Ira Glass beautifully retold the story of One Thousand and One Arabian Nights. A king, Shaharyar, is betrayed by his wife, which makes him go mad and believe that all women will, in the end, betray him. So every night for three years, the mad king takes a wife and has her executed the next morning, until he marries Scheherazade, his vizier’s beautiful and clever daughter. For 1001 nights in a row, Scheherazade tells Shaharyar a story, each time stopping at dawn with a cliffhanger, thus forcing him to keep her alive for another day so that she can complete the tale the next night. Scheherazade tells her husband stories about themselves — about whether women are actually evil, about women who offer love and turn it down, perishing as a result. She tells wonderful and interlocking stories, using narrative suspense to keep herself alive.
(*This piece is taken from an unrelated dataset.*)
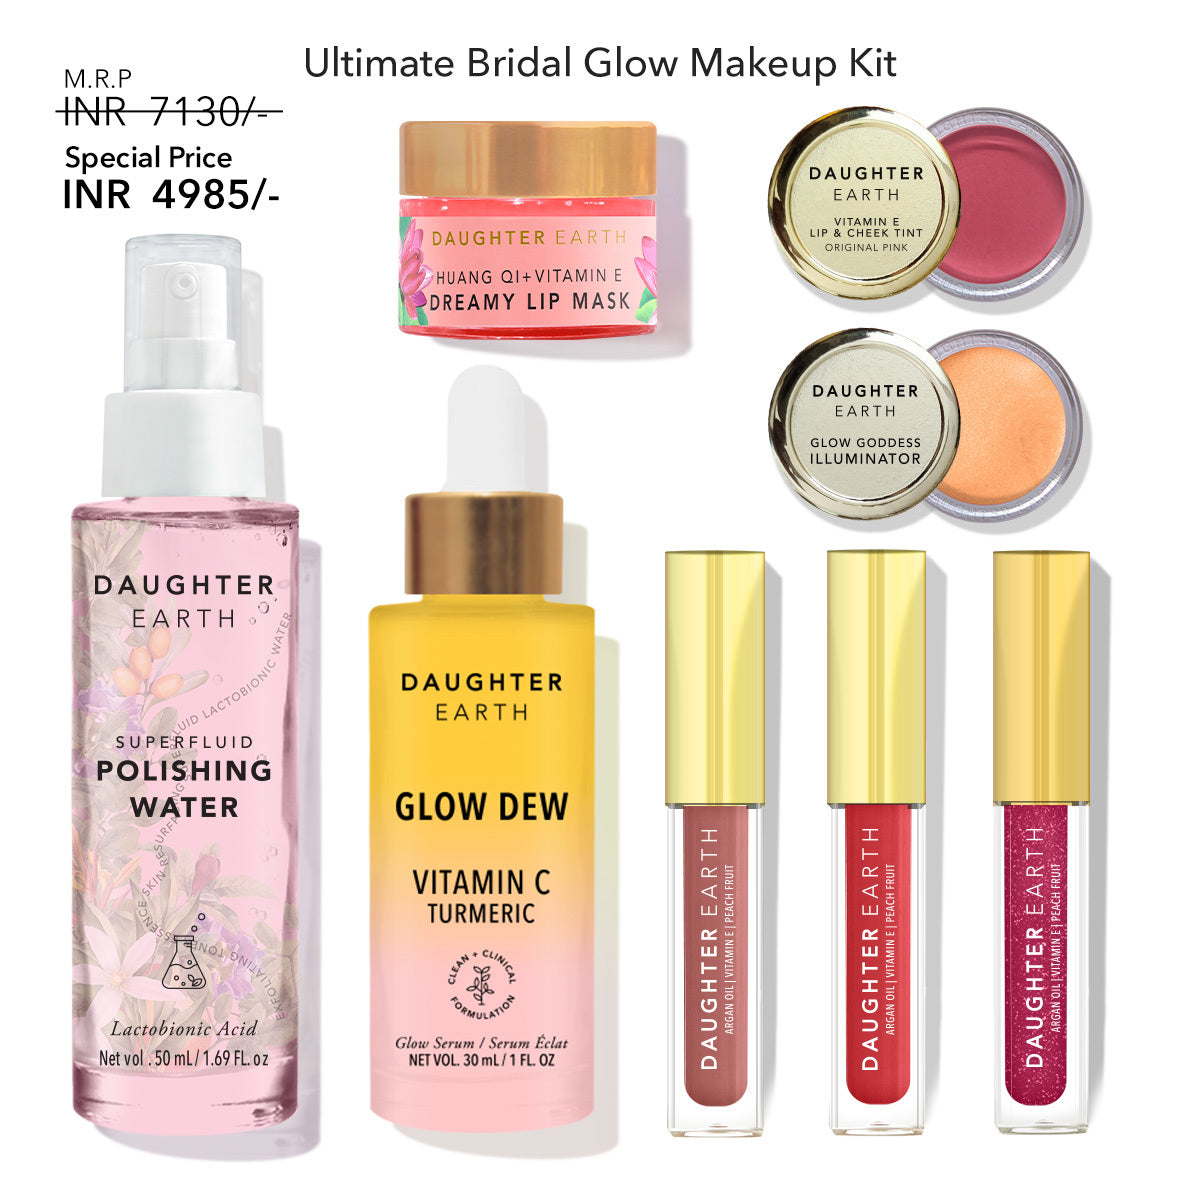 Ultimate Bridal Glow Makeup Kit – Daughter Earth

She tells stories that help the king practice empathy, to imagine himself as the character in the story, to see the destinations that they reach, to live vicariously through the characters.
On the morning after the 1001th night, when Scheherazade has run out of stories, the king looks at her and says, “Your father must be worried about you.” Empathy, empathy through storytelling, had calmed Shaharyar’s mind. Ira Glass went on to say that “empathy is what makes us sane.”
The problem here, though, is that in order to empathize with each other — to understand what it is to experience life as someone else — we have to listen to other people’s stories.
This blog, this writing project, is about stories. It is about putting out into the world the story of a woman, the story of a marriage, the story of one person’s search for meaning. And it recognizes that everyone’s meaning is going to be different… but let me tell you my story.